One day, in his old age, he opens it, and finds a map enclosed. It is a special map, the old and tattered letter says: it will lead him to find some treasure that she has buried, but she will not say what it is.
What follows is a journey, from Rome to Germany, the US Midwest to the Philippines, from country to country, in search of treasure buried long, long ago. But what truly transpires is a journey, where a man who once lost a part of his heart will find it again, and rebuild the life he did not know he never had.
I call Almost my tearjerker novel, but I quit after a few thousand words. It’s too heavy to take right now, and it’s making me cry.
The Doors in the Mist is an apocalyptic novel. Humanity has long thought and pondered, but it does not know the power of the inner workings of its mind. Unknowingly, humanity has created ghosts, and these ghosts, long constrained in the nether regions, are ready to rise to the surface. When the earth undergoes a major earthquake, all these thoughts come to the fore, these former ponderings and dreams – they appear as ghosts, and they threaten to slay humanity and wipe it off the face of the earth.

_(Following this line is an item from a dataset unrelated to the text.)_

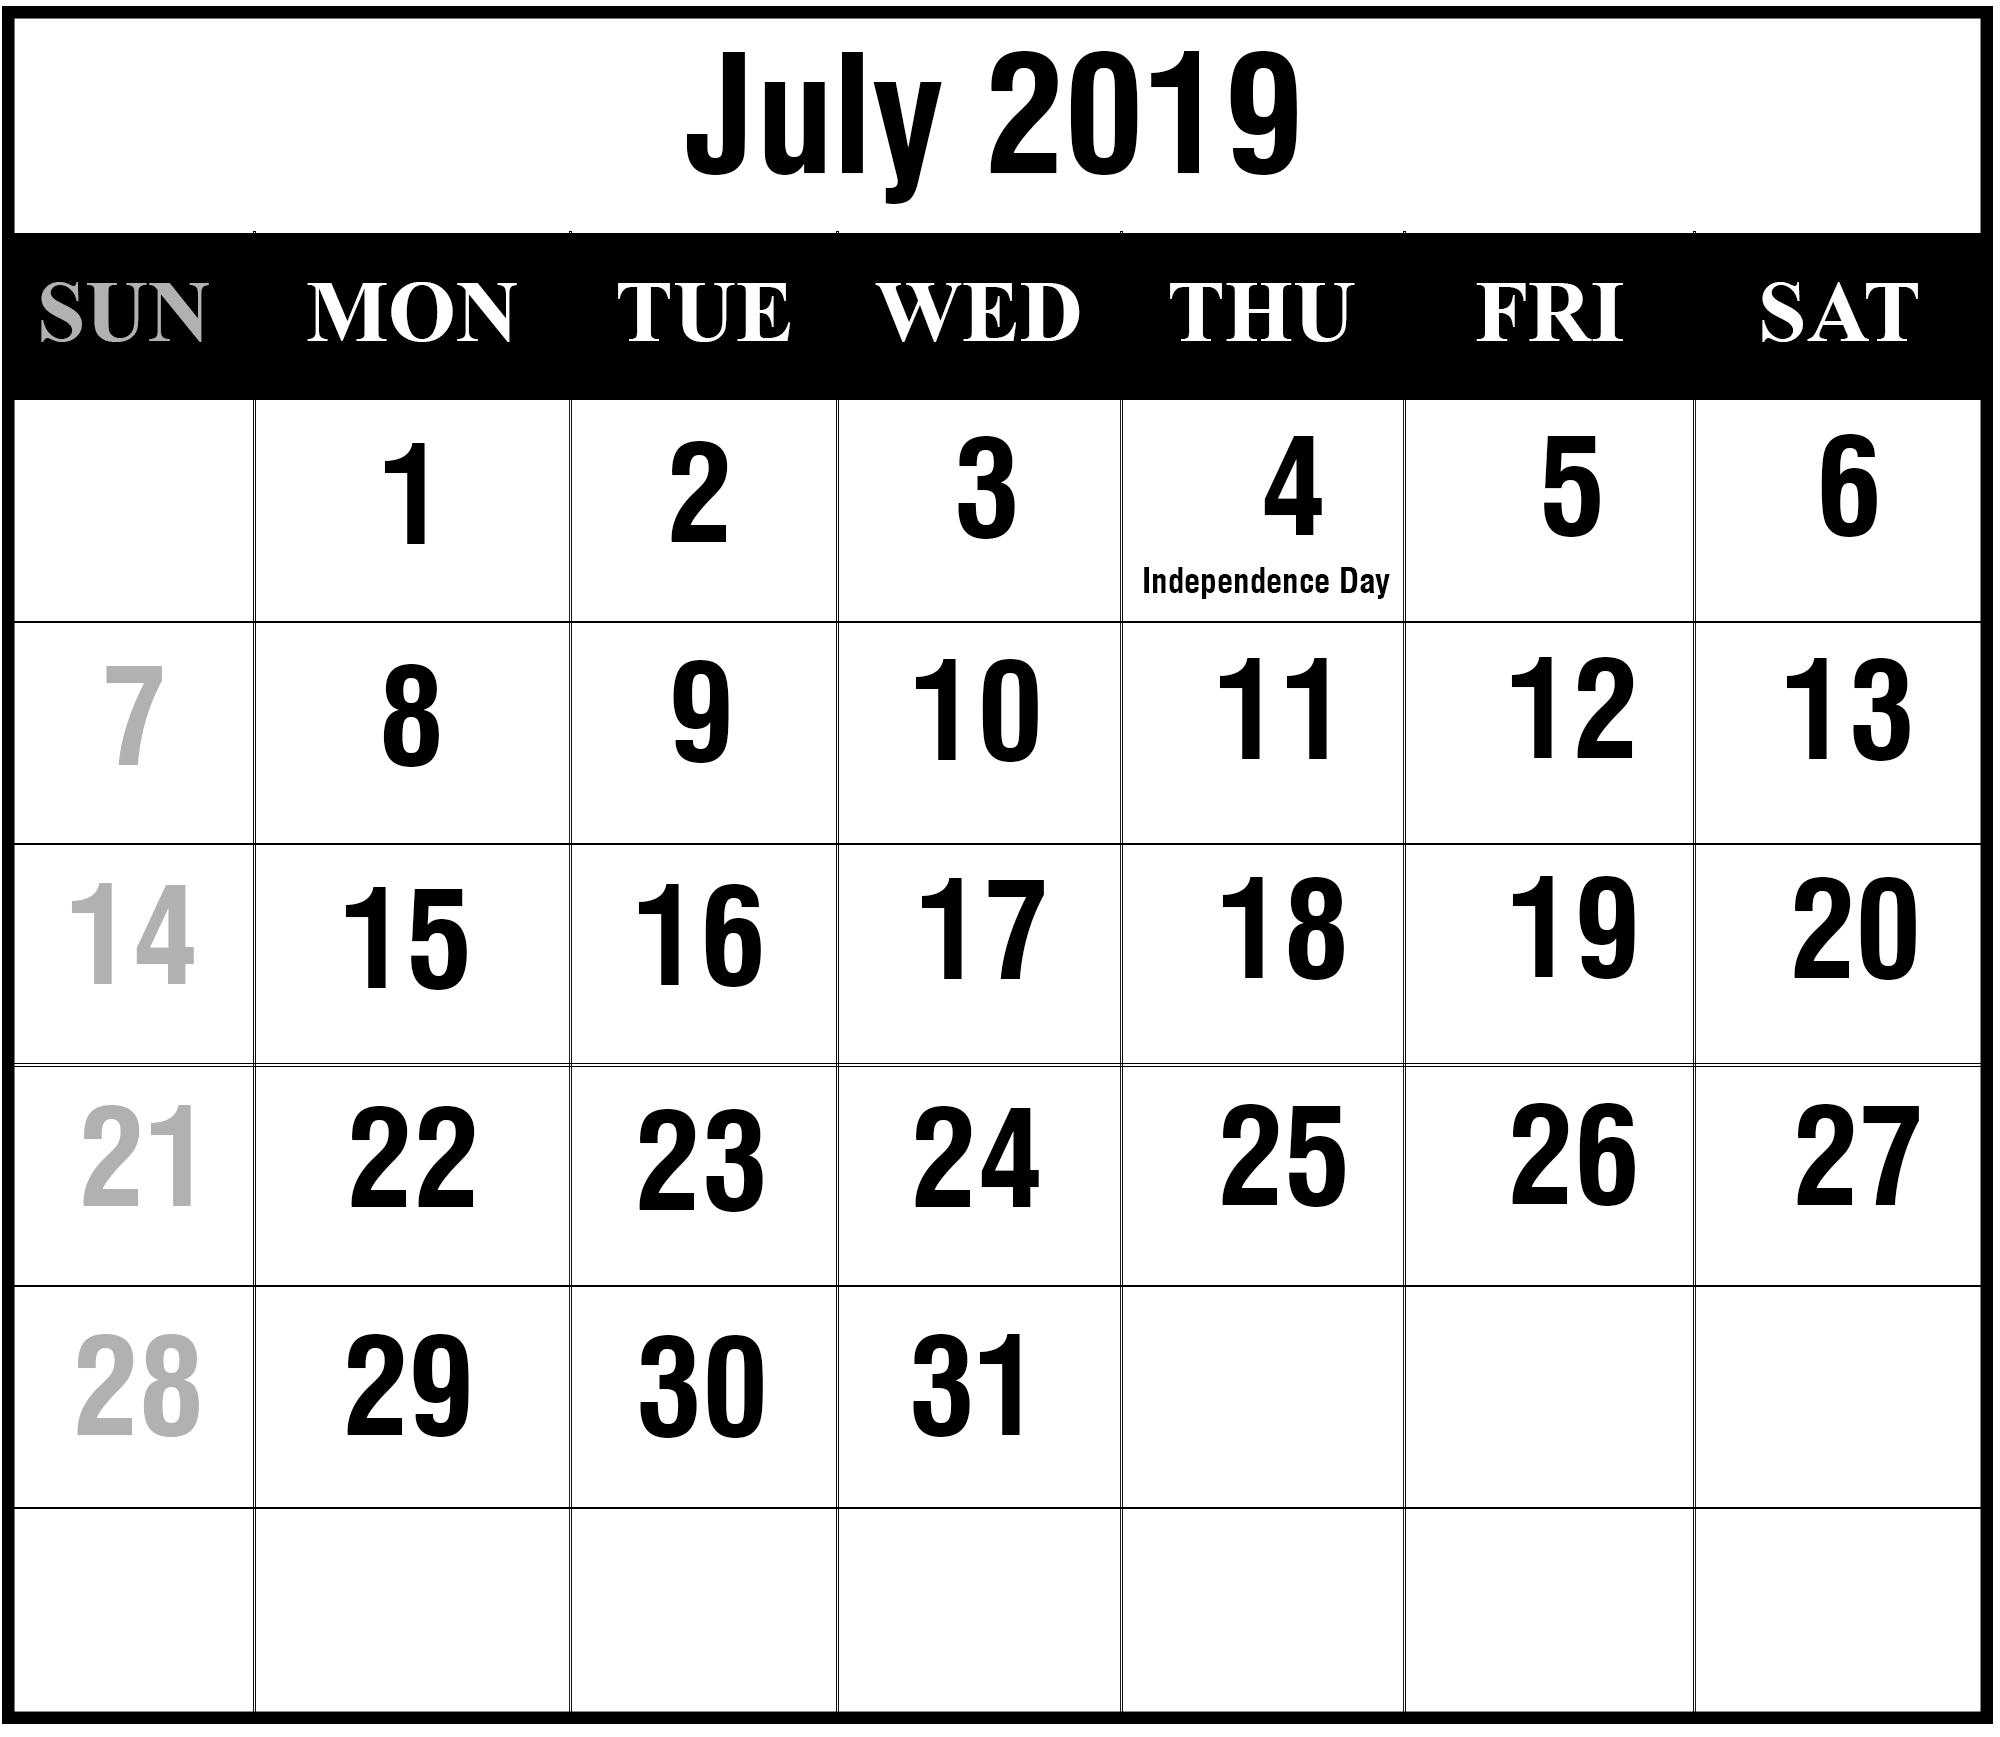 July 2019 Calendar Printable   July Blank Calendar Template July 4 2019 Calendar

A hero and heroine, separated by oceans, strive to find each other through the turmoil of this dying earth – and their individual journeys show them ways how the ghosts can be returned to their hiding places – and how the world can be saved. By pushing the ghosts back into the doors in the mist, they hope to end a war that has souls battling each other for power, and humans trying to forget their pasts in the hope of securing a better future.
The Fragments of the Last Letter is probably the most fun to write. It tells the tale of a young woman who receives a cryptic break-up note from her boyfriend. It shows no sign of a goodbye or a sorry, and strangely, it keeps her from going out on the town and getting herself a new man.
And, strangely, her family doesn’t seem to mind the letter. In this homage to a fun and irreverent brood, the novel tells tales of how a family’s members have survived through decades of dearth and disorder – all with happiness and optimism that the heroine has long since ignored, but must now emulate. It is only through the tragedy, and through the fragments of her letter, that she can learn to find her own strength – and prepare herself for the happiness ahead.
So, three novels – and I’m writing them and using them to cope with stress. So fun! So strange! So – well, I don’t know, so crazy?